Though girl power is doing pretty well so far in this fight, one must say, having nearly taken out Joseph and seriously cramped Avdol’s style. Looks this one will be up to Jōtarō and Iggy to sort out.

Speaking of toilets, the author seems determined to chronicle every Third World sanitation horror he encountered on his real-life trip, but at least he’s letting Polnareff off the hook for once. When you can plausibly have the other characters comment on how someone seems to have developed a trope, it’s definitely time to switch it up a bit.


Cute-High-7 Cute High Earth Defense Club LOVE! #7 – Now it’s time for Cute High to parody… terrible high-school romance stories, maybe? The title is a nod to Love, Election, and Chocolate, a visual novel (sort of a computerized Choose Your Own Adventure story) with a high school harem romance setup that was adapted into an unremarkable anime series a few years ago.

While everyone else is being creeped out at the mere implication that they or anyone around them might be gay, it’s Mr. Tawarayama’s turn to take a few minutes in the spotlight. Turns out Wombat was mostly telling the truth, and he did eventually recover from being slightly dead, though heaven knows what taking the brunt of a full-on Love Attack has done to him.

This seems like as good a time as any to explain a bit of subtext about Mr. Tawarayama, but I warn you, this is something you will never be able to unsee, and you may just want to stop reading now.

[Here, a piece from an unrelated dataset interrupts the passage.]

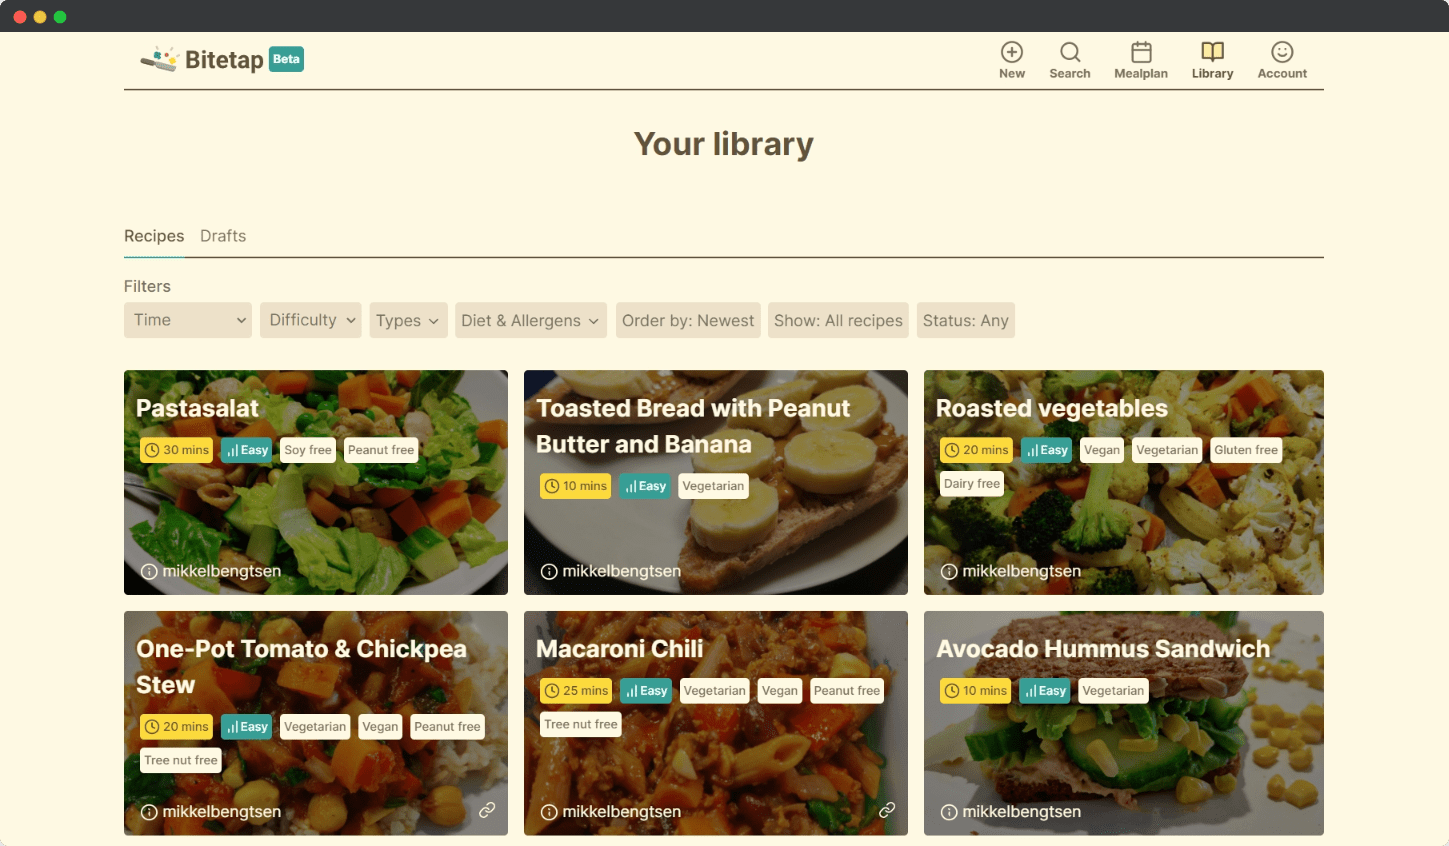 In app image of a user's library

Still there? Okay, so the family names of all the members of the Earth Defense Club are the names of towns famous for their baths. Tawarayama has baths too, but it’s also notable for a fertility shrine housing a spectacular sculpture collection dedicated to male anatomy (NSFW, needless to say). That repeated business where Mr. Tawarayama spends most of his time flopped over except when Wombat takes control of him? Um, yes, I think we are supposed to have that mental image you’ve got now.